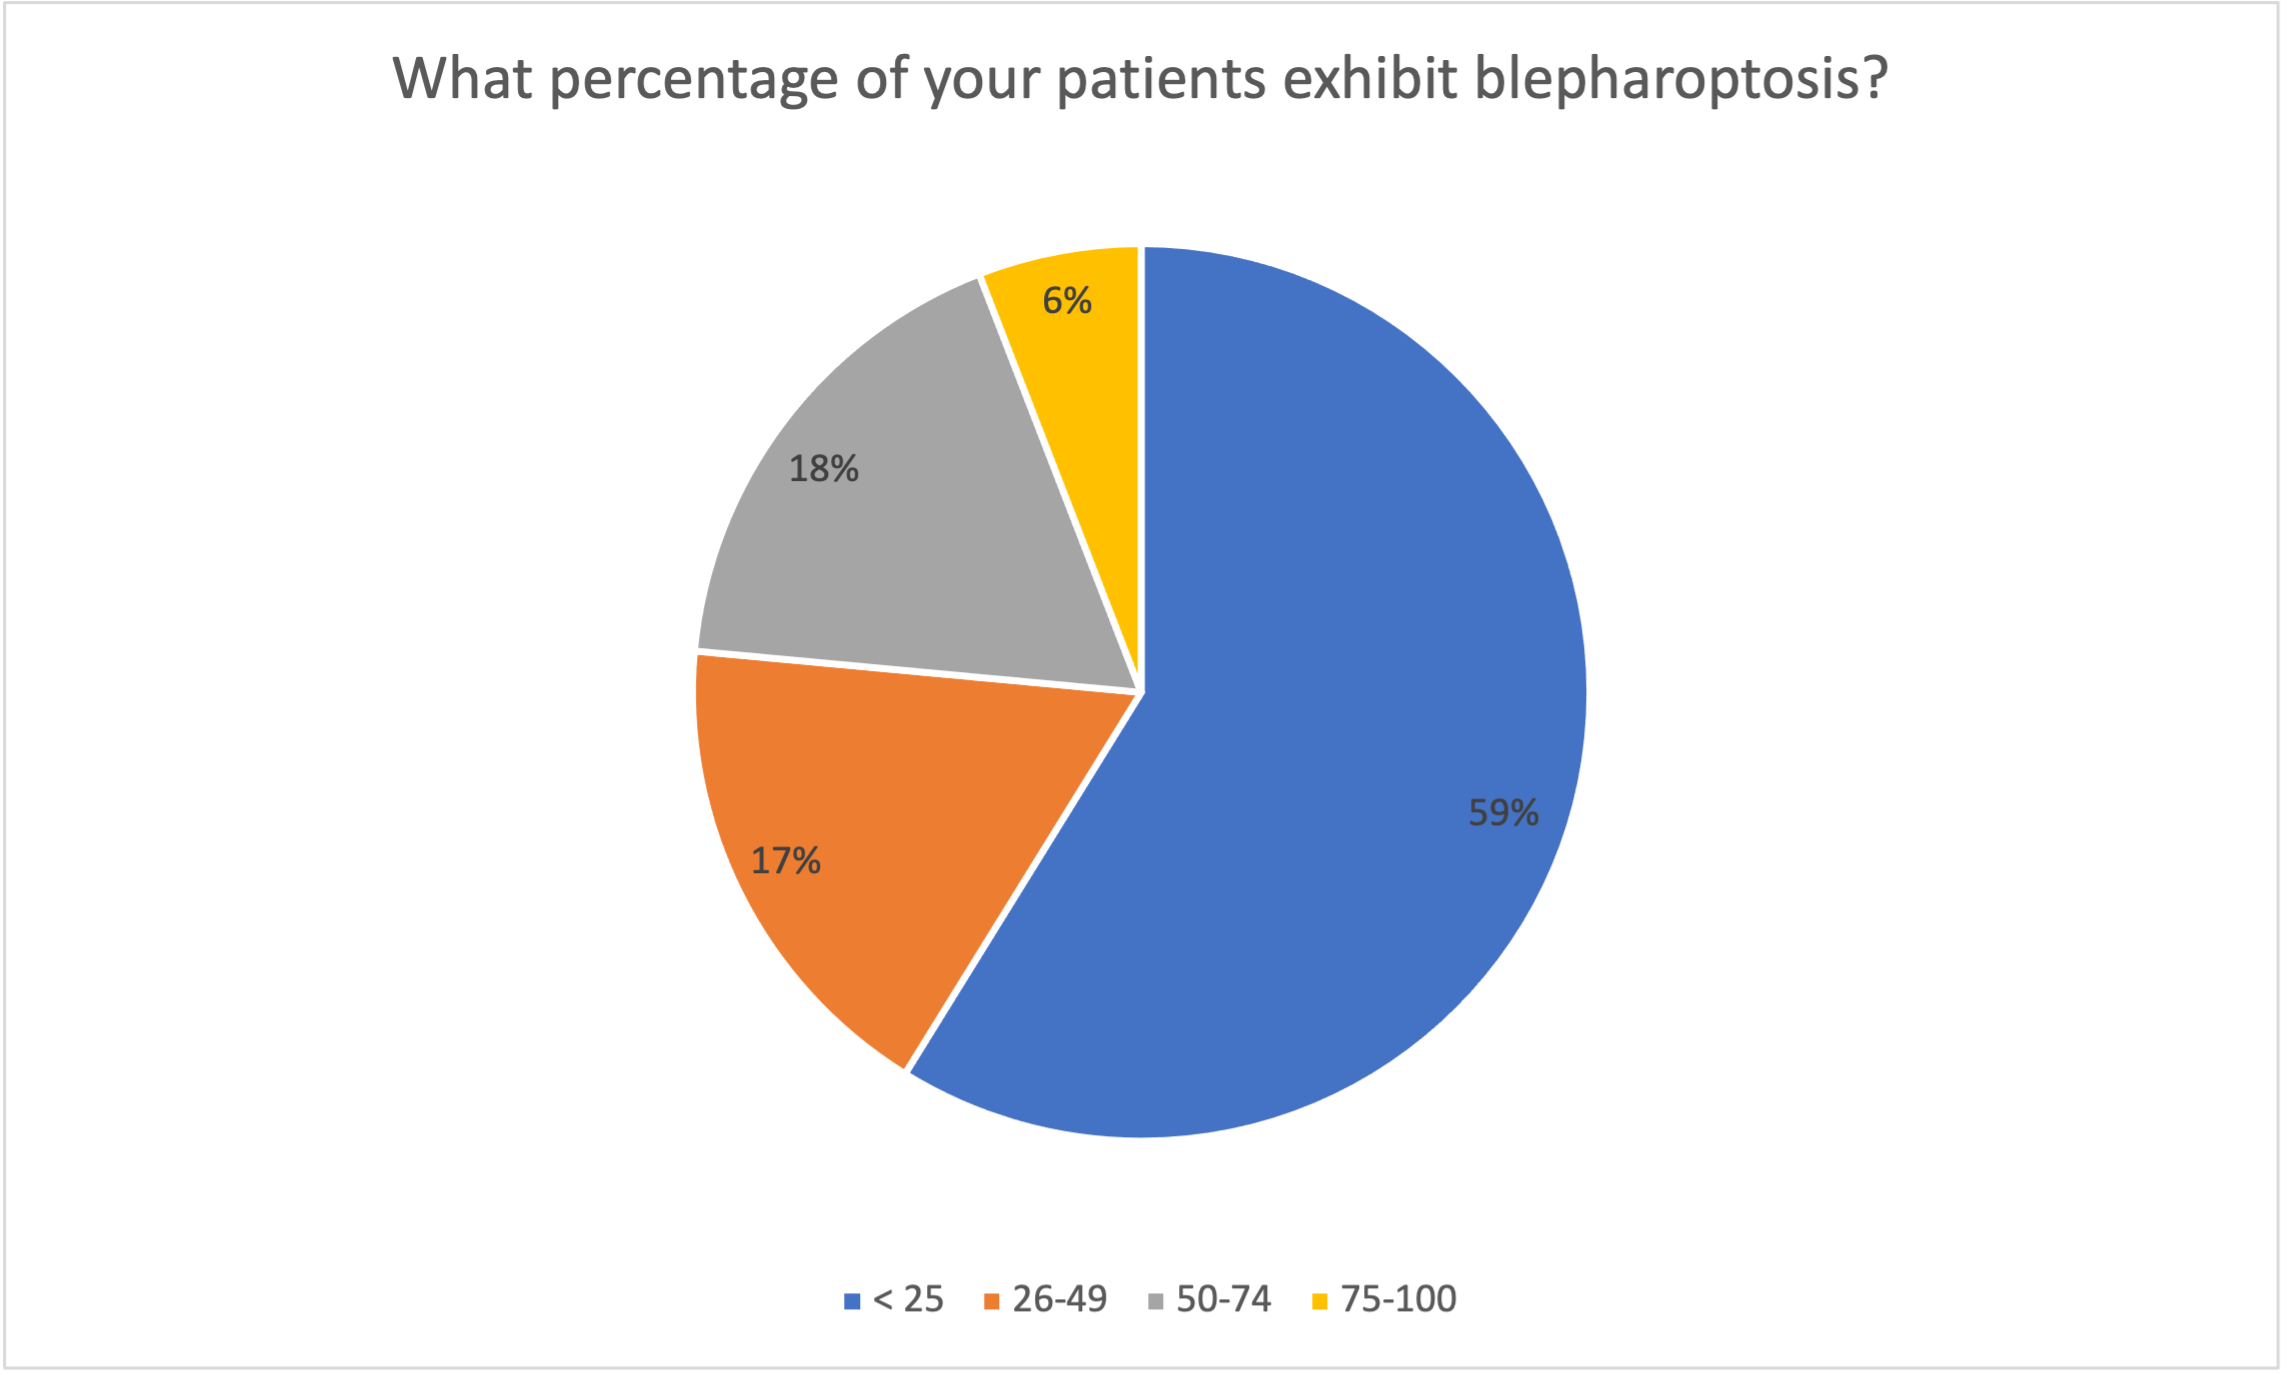 Poll results: What percentage of your patients exhibit blepharoptosis?
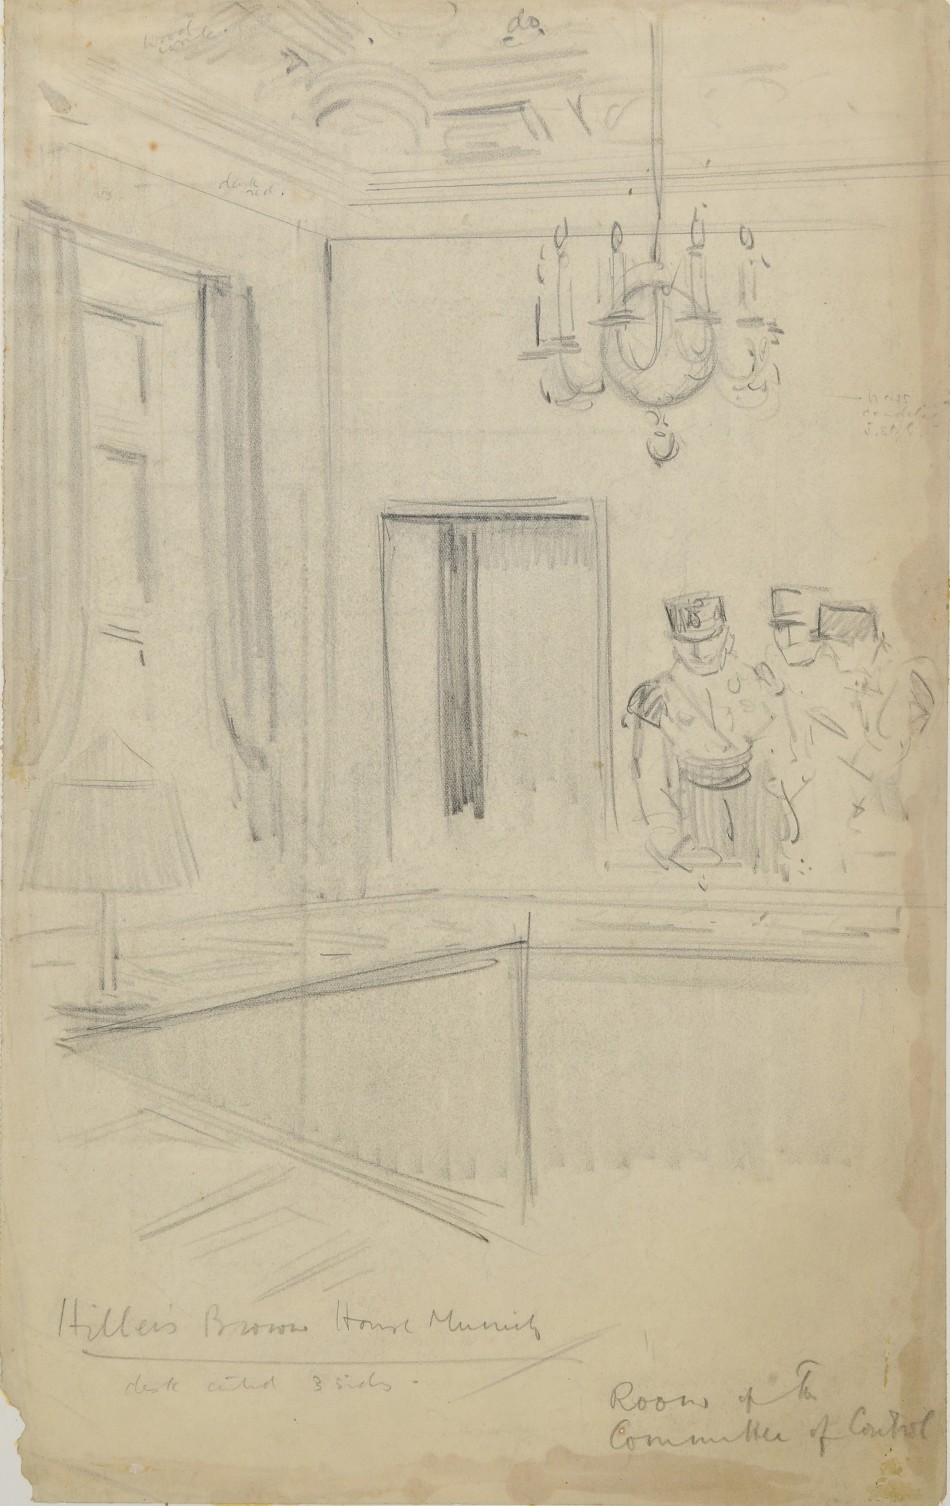 This drawing by Helen McKie shows Nazi officials inside a committee room at Hitlers Munich headquarters
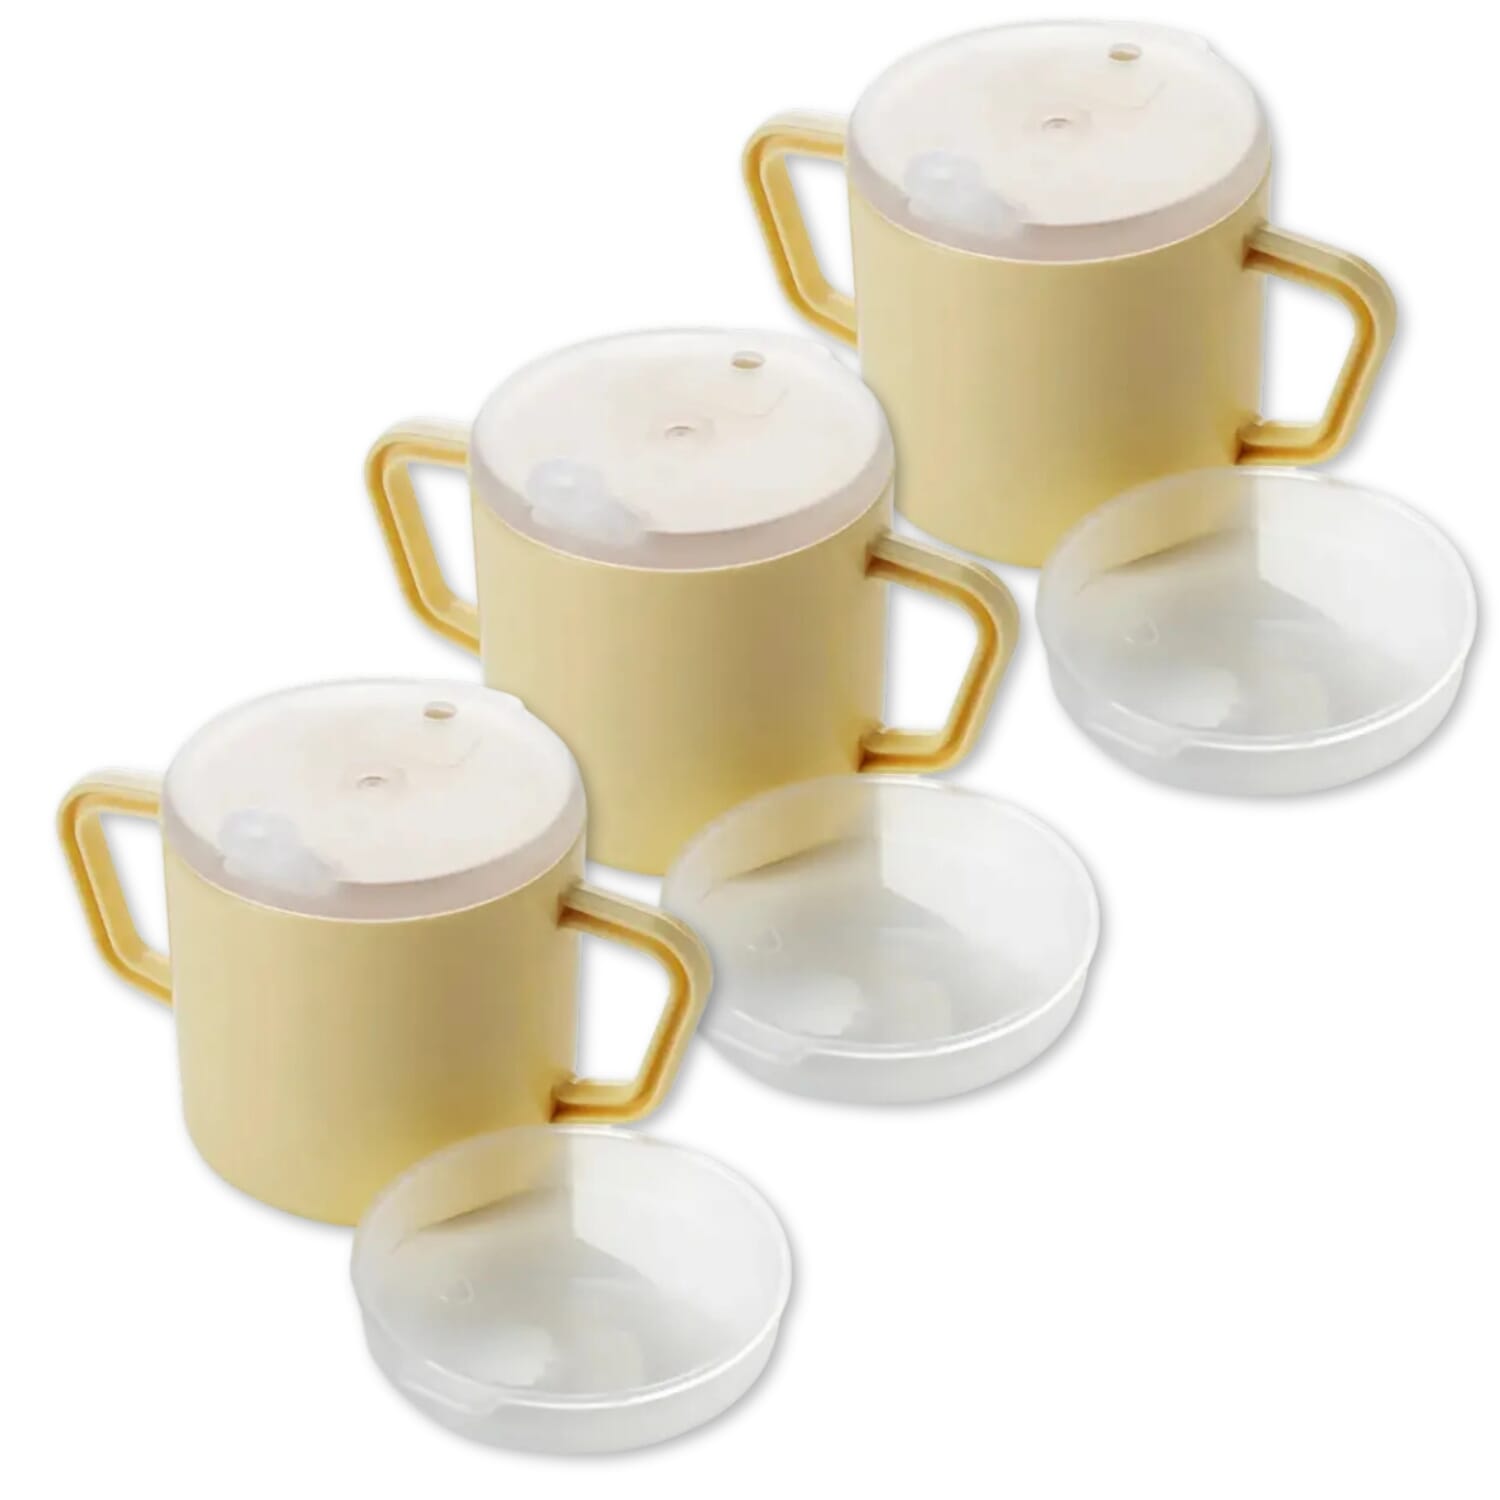 View Dual Handle Mug with Narrow Spout and Feeder Lid Pack of 3 information

──────────────────────────────

[WHAT TO DO]
In your copy, restate the data above word for word but leave out any picture.

[EXPECTED ANSWER]
 Poll results: What percentage of your patients exhibit blepharoptosis?
 This drawing by Helen McKie shows Nazi officials inside a committee room at Hitlers Munich headquarters
 View Dual Handle Mug with Narrow Spout and Feeder Lid Pack of 3 information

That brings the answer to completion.